I had hoped to make the sauce with only fresh ingredients such as tomatoes, green peppers, onions, garlic, basil, oregano, olive oil, salt & pepper, but I eventually ended up adding a little sugar, garlic powder, onion powder and a can of tomato paste.
First, I chopped two onions and two bell peppers and sauteed them in a pan with eight cloves of minced garlic.
Next, I boiled tomatoes, four at a time in a pot of water for two minutes each. I used twenty tomatoes in this recipe.
About two minutes after the tomatoes started boiling, their skins cracked.
After removing the tomatoes from the boiling water, I put them in a bowl of cold water to stop the cooking process.

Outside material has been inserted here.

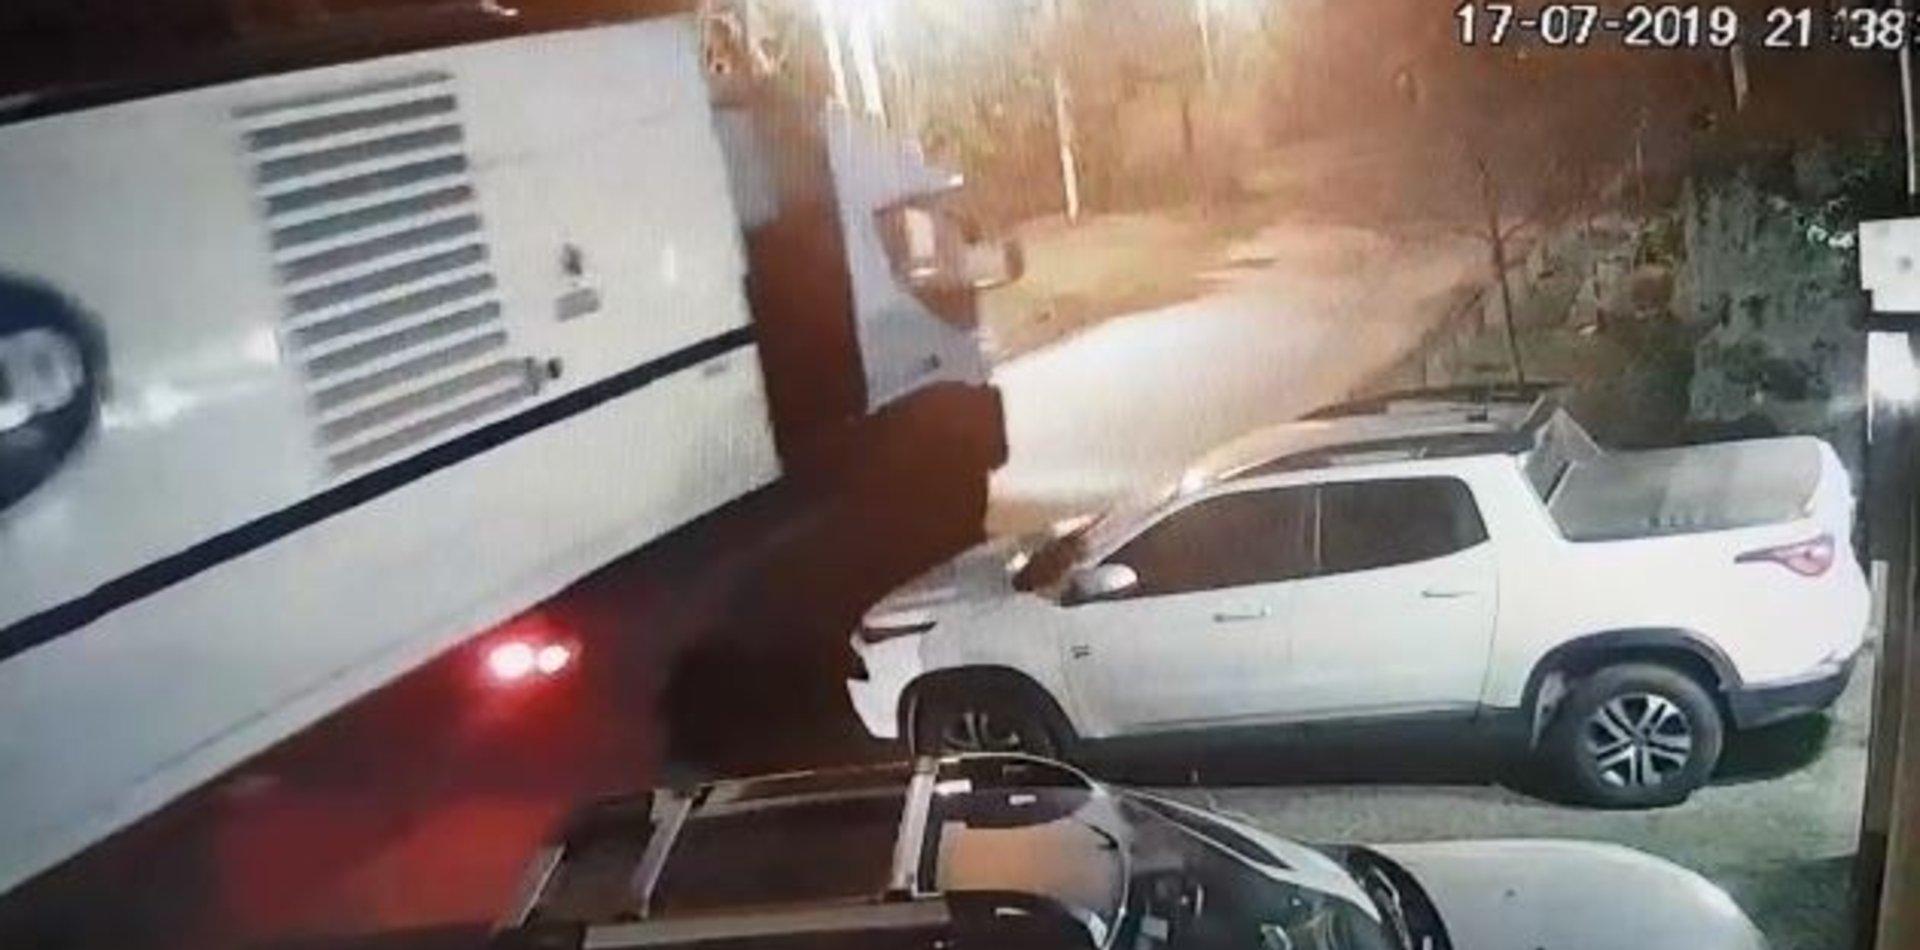 VIDEO: Un camión de Edelap enganchó un cable, tiró un poste y se fue como si nada

Next, we peeled the tomatoes.
And then cored them.
And chopped them.
Then, I put them in a pot with a couple of tablespoons of fresh, chopped basil and oregano (probably dried would have had a more potent flavor) salt, and pepper.
Next, I added the sauteed onion, garlic, and bell peppers and I simmered the sauce for several hours aka, most of the day.

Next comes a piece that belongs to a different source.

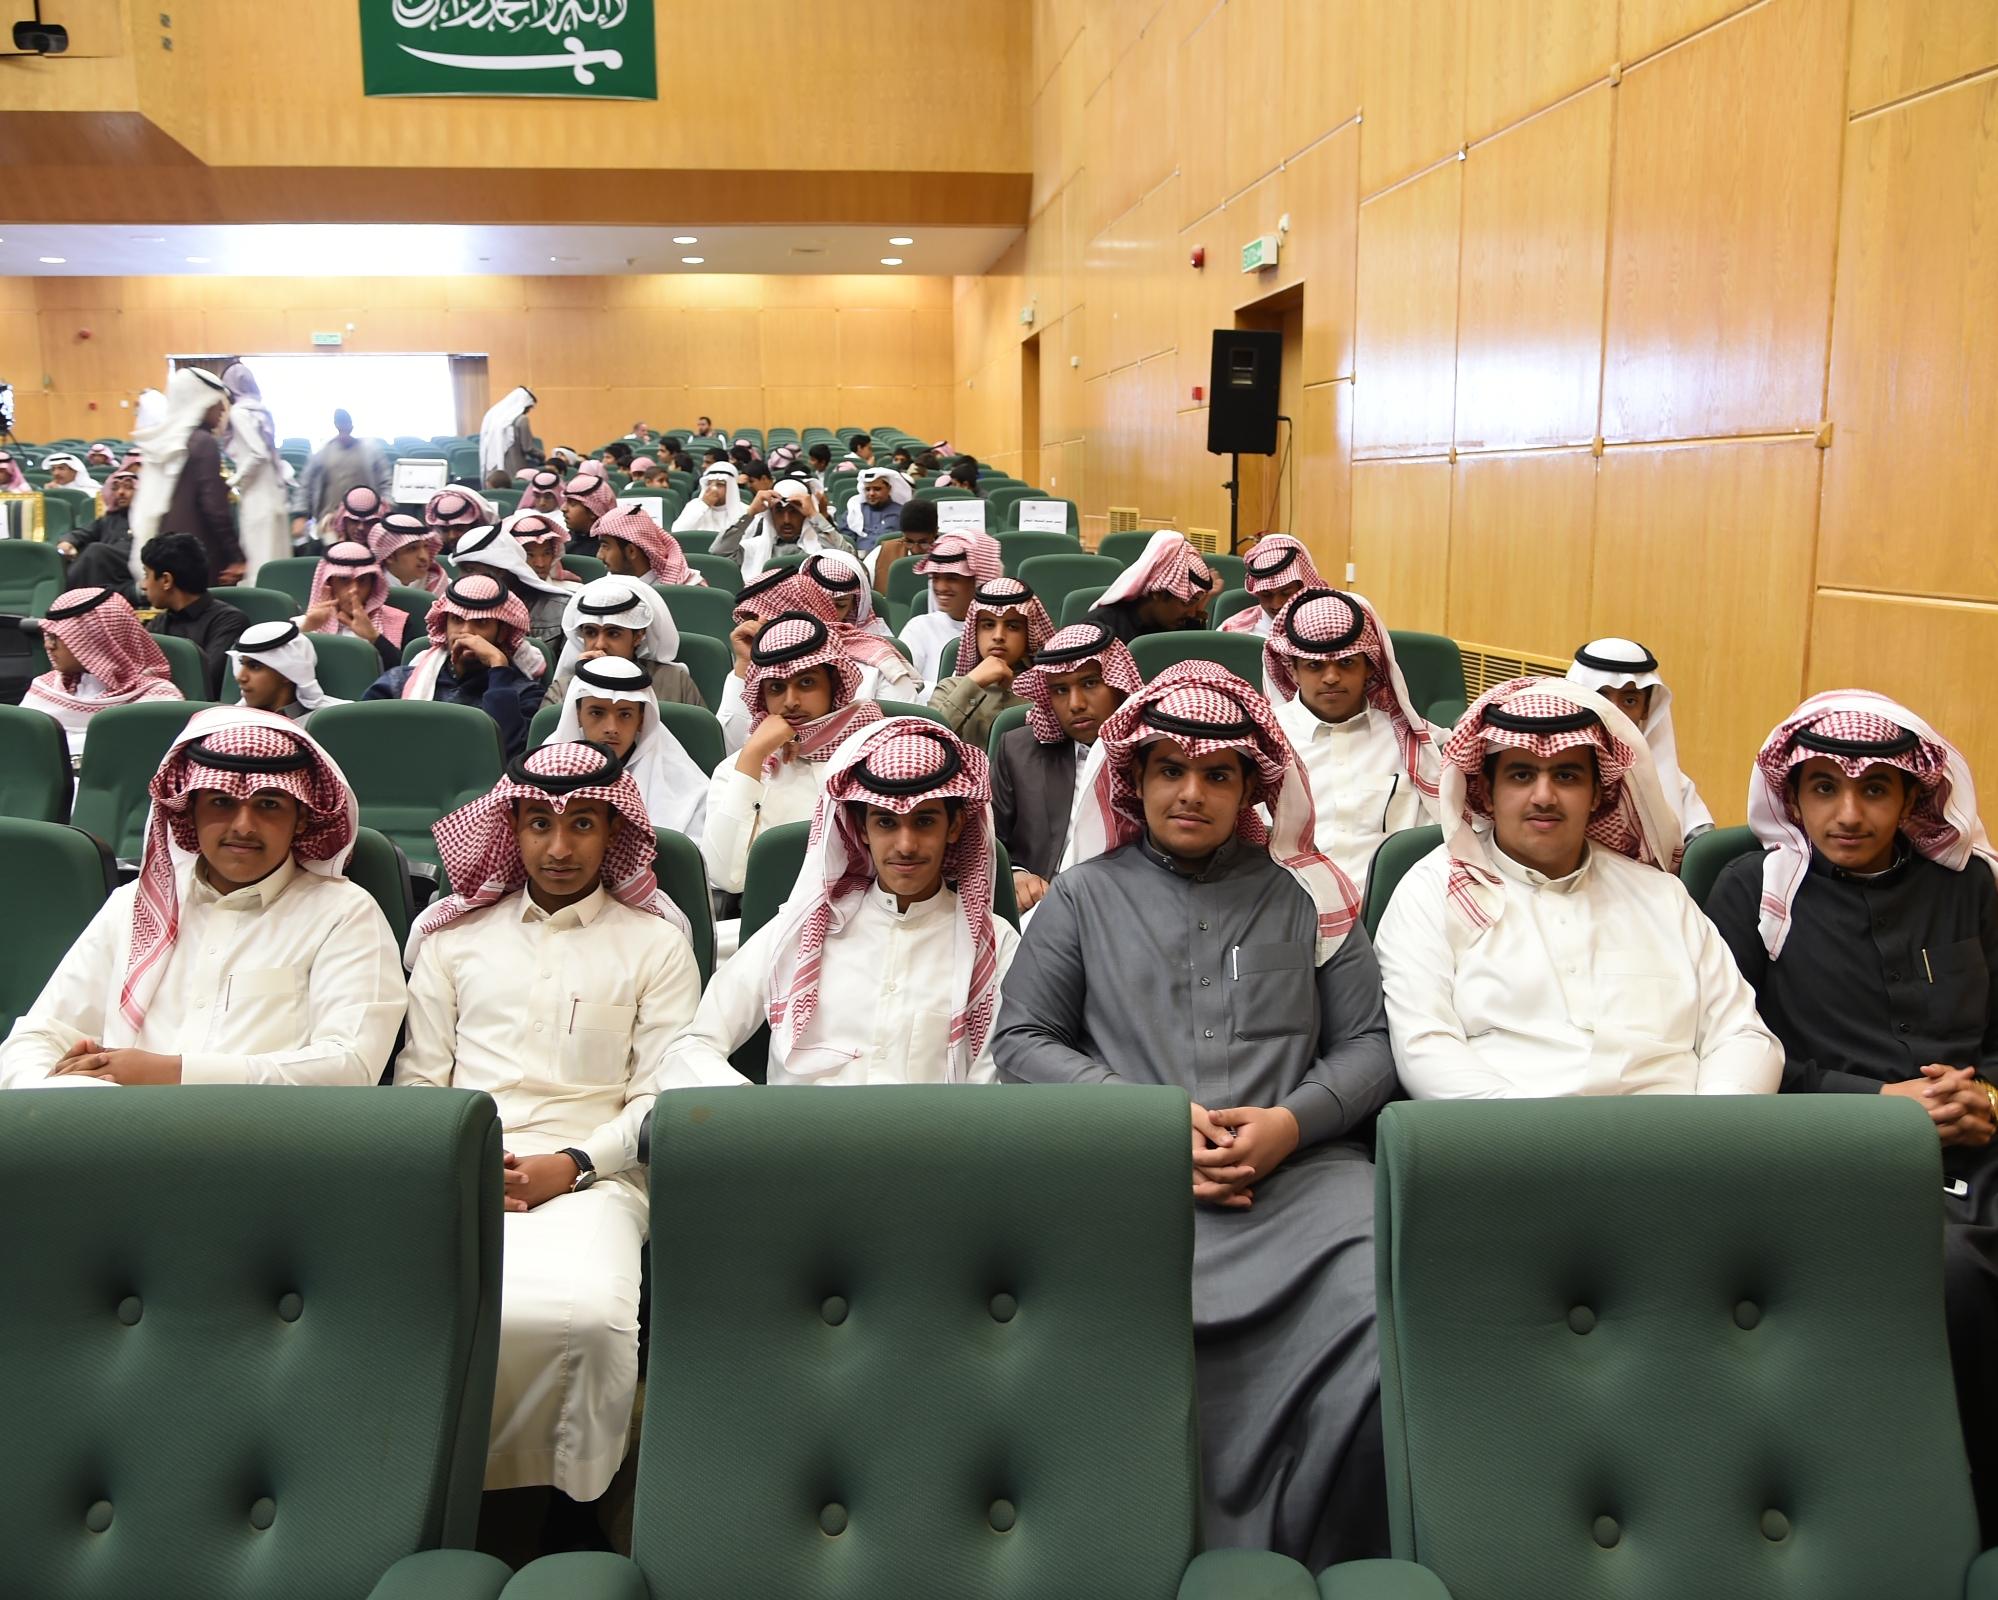 عروض مسرحية في انطلاق مهرجان المسرح المدرسي بعسير (2)

I had hoped that the sauce would reduce and thicken, but I eventually had to add one small can of tomato paste to help this process along. Near the end of the cooking process, I had to adjust the seasonings, meaning it was time to add more salt and pepper, five more cloves of minced garlic a couple of teaspoons of sugar, some garlic powder and onion powder. This is also when I added the olive oil. I didn't measure it, just kept adding and tasting. Once the flavor was how I wanted it, I blended it in batches to make it the consistency that I wanted.
I ended up with two and a half quarts of sauce.
One and a half quarts are in the freezer waiting for another day and the last quart I used with our dinner tonight. I browned one pound of hamburger with half of a chopped onion. Once that was cooked and drained, I added the spaghetti sauce, one chopped yellow squash, and several sliced black olives. We had this sauce over spaghetti for dinner. Delicious!